O Executivo de Carlos Moedas tentou, ainda assim, recorrer dessa decisão e impugná-la para poupar dinheiro aos cofres da autarquia, o que só foi “parcialmente” aceite pelo tribunal. Os juízes consideraram que 222.500 euros dizem respeito a contraordenações que já prescreveram, mas decidiram condenar a autarquia a pagar o restante valor: 1.027.500 euros.
Na sentença do Tribunal pode ler-se que o “conjunto de operações sobre informação relativa a pessoas singulares” teve “necessariamente impacto na privacidade e na liberdade daquelas e tinha obrigação de conhecer o enquadramento legal em que poderia de facto realizar esse conjunto de operações e de conformar os procedimentos e atuações face às regras e princípios do RGPD”.
Para os juízes o município de Lisboa “agiu de forma livre, deliberada e consciente, ao proceder à remessa das cento e onze comunicações eletrónicas (…) para os serviços do Município de Lisboa, os quais não tinham necessidade de conhecer aquela informação pessoal para a preparação e execução das tarefas públicas, bem sabendo que a sua conduta era proibida e sancionada por lei”.
Ksenia Ashrafullina é uma das visadas neste caso de partilha de dados pela Câmara de Lisboa – que enviou esses dados para a Rússia.

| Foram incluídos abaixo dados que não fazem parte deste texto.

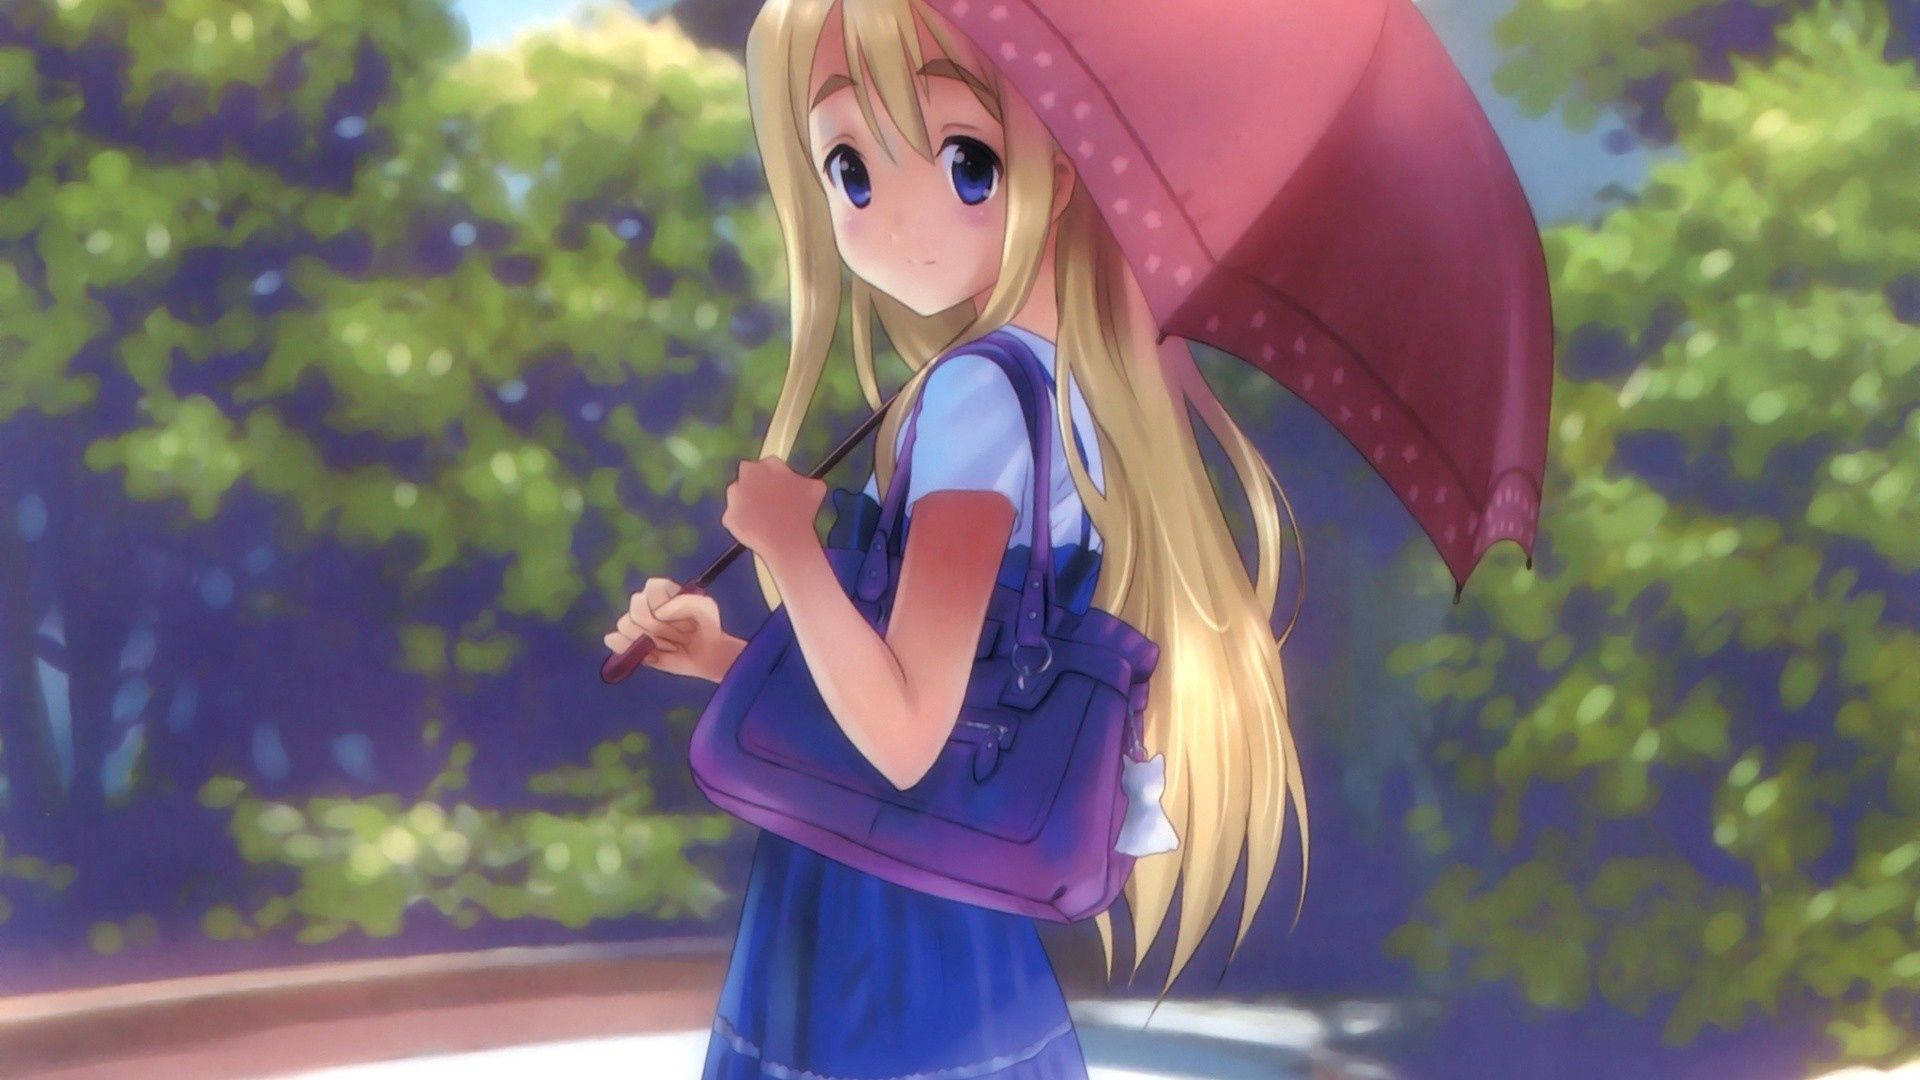 Pretty Blonde Anime Umbrella Girl Wallpaper

Perante esta sentença, a ativista diz ter dúvidas sobre a aplicação da coima.
Questionada sobre se considera que devia receber uma parte desta coima, Ksenia Ashrafullina afirma que sim, uma vez que estes manifestantes “perderam uma grande parte da vida e não podem voltar para a Rússia”.
O que é o Russiagate?
O caso remonta a junho de 2021, altura em que o jornal Observador revelou que a Câmara Municipal de Lisboa – na altura liderada por Fernando Medina – tinha divulgado dados de manifestantes anti-Putin ao governo russo.

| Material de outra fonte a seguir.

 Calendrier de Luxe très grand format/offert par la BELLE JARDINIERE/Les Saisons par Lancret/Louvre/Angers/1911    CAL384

Tratava-se de um e-mail enviado pela Câmara de Lisboa à embaixada russa em Lisboa e ao Ministério dos Negócios Estrangeiros da Rússia. Nesse mail constavam os nomes, as moradas e os contactos telefónicos de três manifestantes que tinham organizado e marcado presença, em janeiro desse ano, numa manifestação em frente à embaixada russa em Portugal.

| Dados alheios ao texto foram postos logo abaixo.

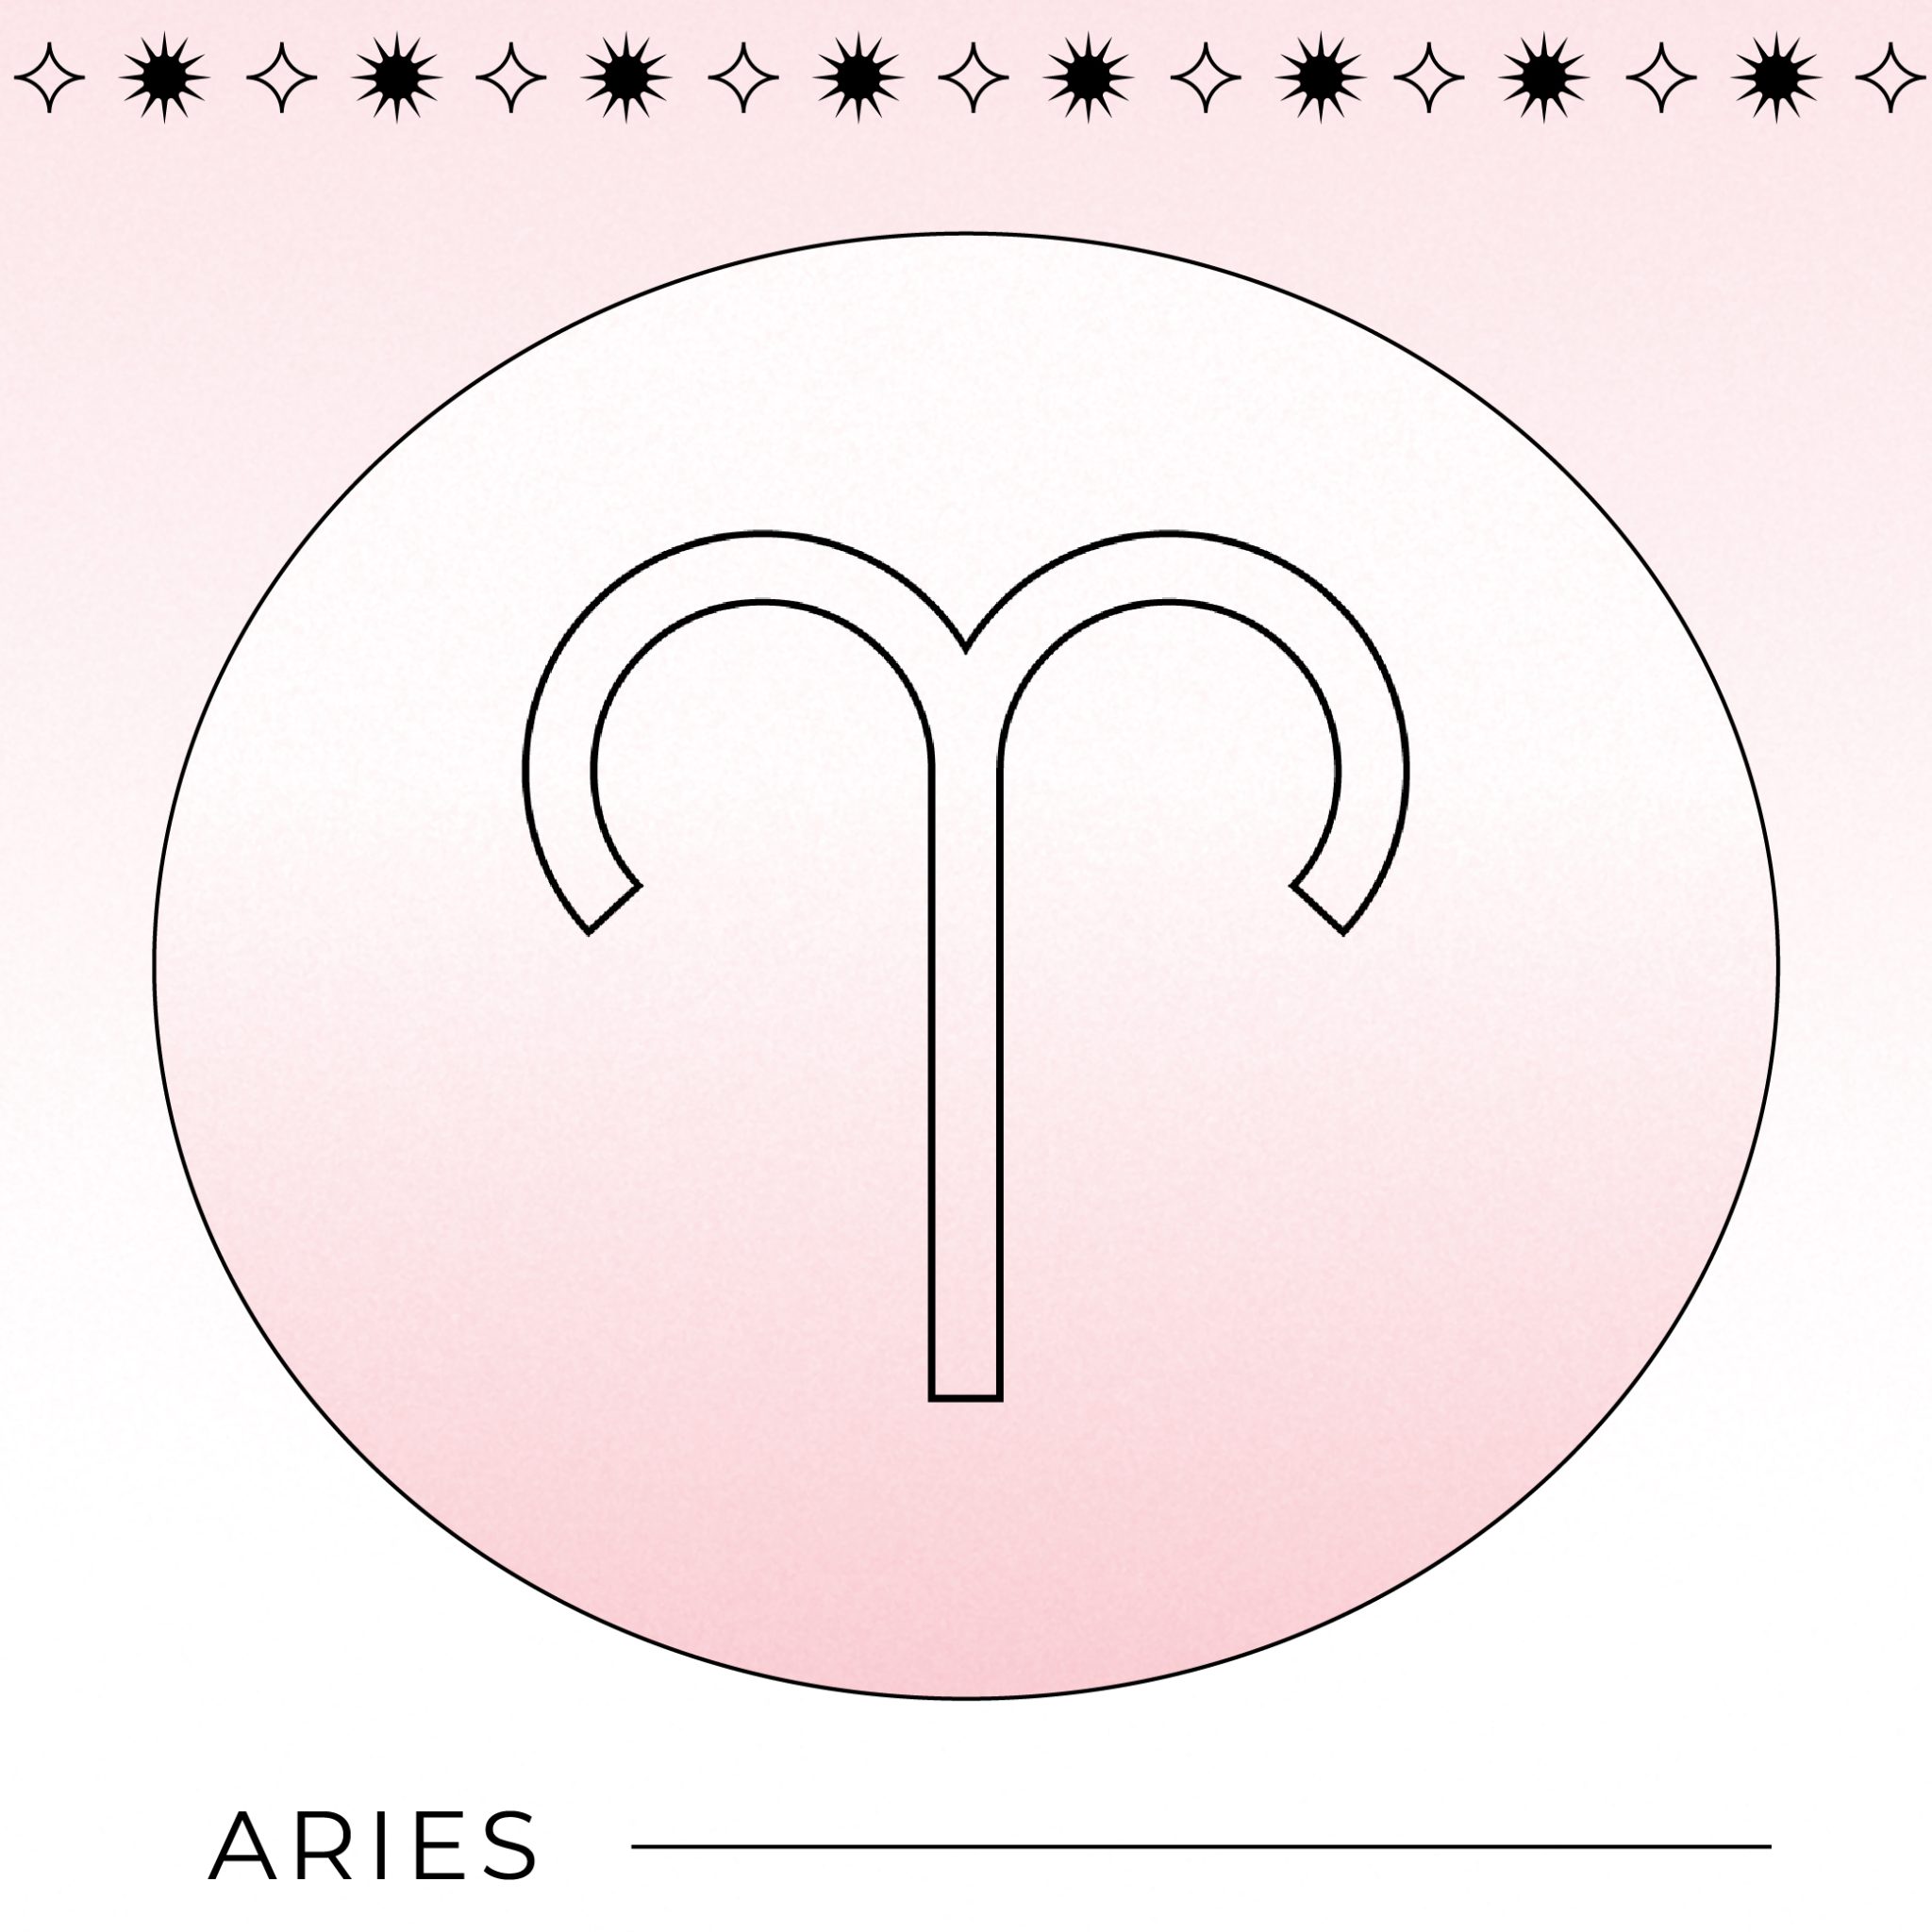 Aries 2048x2048

O protesto tinha sido organizado para contestar a detenção de Alexey Navalny, um opositor de Vladimir Putin que acabaria por morrer – morte que a comunidade internacional atribuiu ao regime do Kremlin.
O caso fez tremer o executivo socialista, que assumiu o erro e escaldar a oposição. Fernando Medina acabaria por exonerar o encarregado de proteção de dados da Câmara Municipal de Lisboa, Luís Feliciano, que viria a ser contratado por Carlos Moedas para o seu gabinete.